FDA's authority to require these types of studies or trials was 
clarified by a modification to the definition of adverse drug 
experience at section 505-1(b)(1)(E) of the FD&C Act (21 U.S.C. 505-
1(b)(1)(E)) enacted under section 3041 of the SUPPORT Act (Pub. L. 115-
271).
    This draft guidance is being issued consistent with FDA's good 
guidance practices regulation (21 CFR 10.115). The draft guidance, when 
finalized, will represent the current thinking on implementation of 
section 505(o)(3)(B) of the FD&C Act. It does not establish any rights 
for any person and is not binding on FDA or the public. You can use an 
alternative approach if it satisfies the requirements of the applicable 
statutes and regulations.

II. Paperwork Reduction Act of 1995

    This draft guidance refers to previously approved collections of 
information found in FDA regulations.
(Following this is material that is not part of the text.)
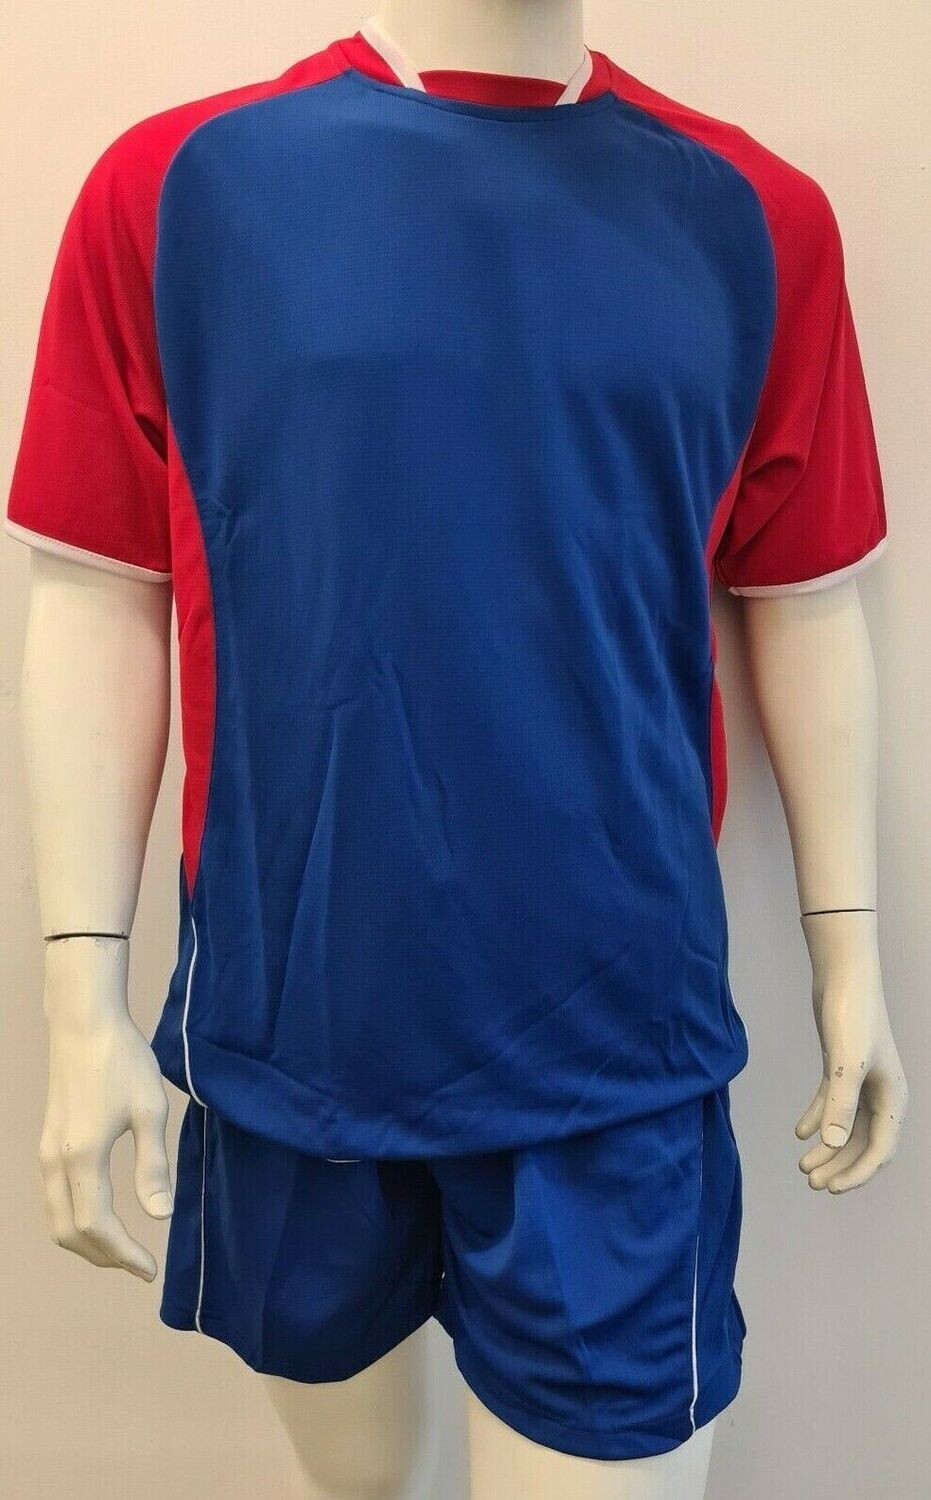 Sports / Football Kits Clothing for sport. Red/Blue Large

These collections of information 
are subject to review by the Office of Management and Budget (OMB) 
under the Paperwork Reduction Act of 1995 (44 U.S.C. 3501-3520).
    The following collections of information for postmarketing reports 
and clinical data in 21 CFR 314.50, 314.80, 314.81, 314.98, 314.430, 
and 314.610(b), subpart I have been approved under OMB control number 
0910-0001: (1) Preparing and submitting reports pertaining to safety, 
postmarketing commitments and preparing and submitting spontaneous and 
periodic reports, including active postmarket risk identification 
(using electronic health care data) and any milestones or submissions 
for which projected dates were specified as part of the postmarketing 
commitment; (2) submitting a proposed timetable of the postmarketing 
commitments; (3) preparing registries and submitting them when 
appropriate; (4) designing meta-analyses to evaluate statistical 
analyses of data; (5) preparing assay procedures; and (6) prepare a 
plan or approach for approval an NDA when human efficacy studies are 
not ethical or feasible.
    The following collections of information for postmarketing studies 
and clinical trials (including various patient populations) in 21 CFR 
312.23 have been approved under OMB control number 0910-0014: (1) 
Conducting in vitro laboratory tests and studies to compare pregnancy 
incidence an pregnancy outcomes and/or child outcomes for patients 
exposed to a drug; (2) submitting an introductory statement and general 
investigational plan, including a drug's pharmacological class; and (3) 
submitting protocols for drug safety and pharmacology and toxicology 
information.
    The collections of information in 21 CFR 310.305, 314.80, and 
314.98 for submitting adverse event information to the FDA Adverse 
Event Reporting System have been approved under OMB control numbers 
0910-0230 and 0910-0291; the collections of information in 21 CFR 
312.47 and 312.82 for submitting a meeting request to appeal the 
conduct of a postmarketing study or clinical trial have been approved 
under OMB control number 0910-0430 (and guidance for industry and 
review staff entitled ``Formal Dispute Resolutions: Appeals Above the 
Division Level'' (available at https://www.fda.gov/ucm/groups/fdagov-public/@fdagov-drugs-gen/documents/document/ucm343101.pdf).
    The following collection of information in Sec.  314.510 has been 
approved under OMB control number 0910-0765: Requests for serious or 
life-threatening diseases or conditions that may be granted accelerated 
approval if FDA determines the product has an effect on a surrogate 
endpoint that is reasonably likely to predict clinical benefit or on a 
clinical endpoint that can be measured earlier than irreversible 
morbidity or mortality or other clinical benefit.

III. Electronic Access

    Persons with access to the internet may obtain the draft guidance 
at either https://www.fda.gov/drugs/guidance-compliance-regulatory-information/guidances-drugs, https://www.fda.gov/vaccines-blood-biologics/guidance-compliance-regulatory-information-biologics/biologics-guidances, or https://www.regulations.gov.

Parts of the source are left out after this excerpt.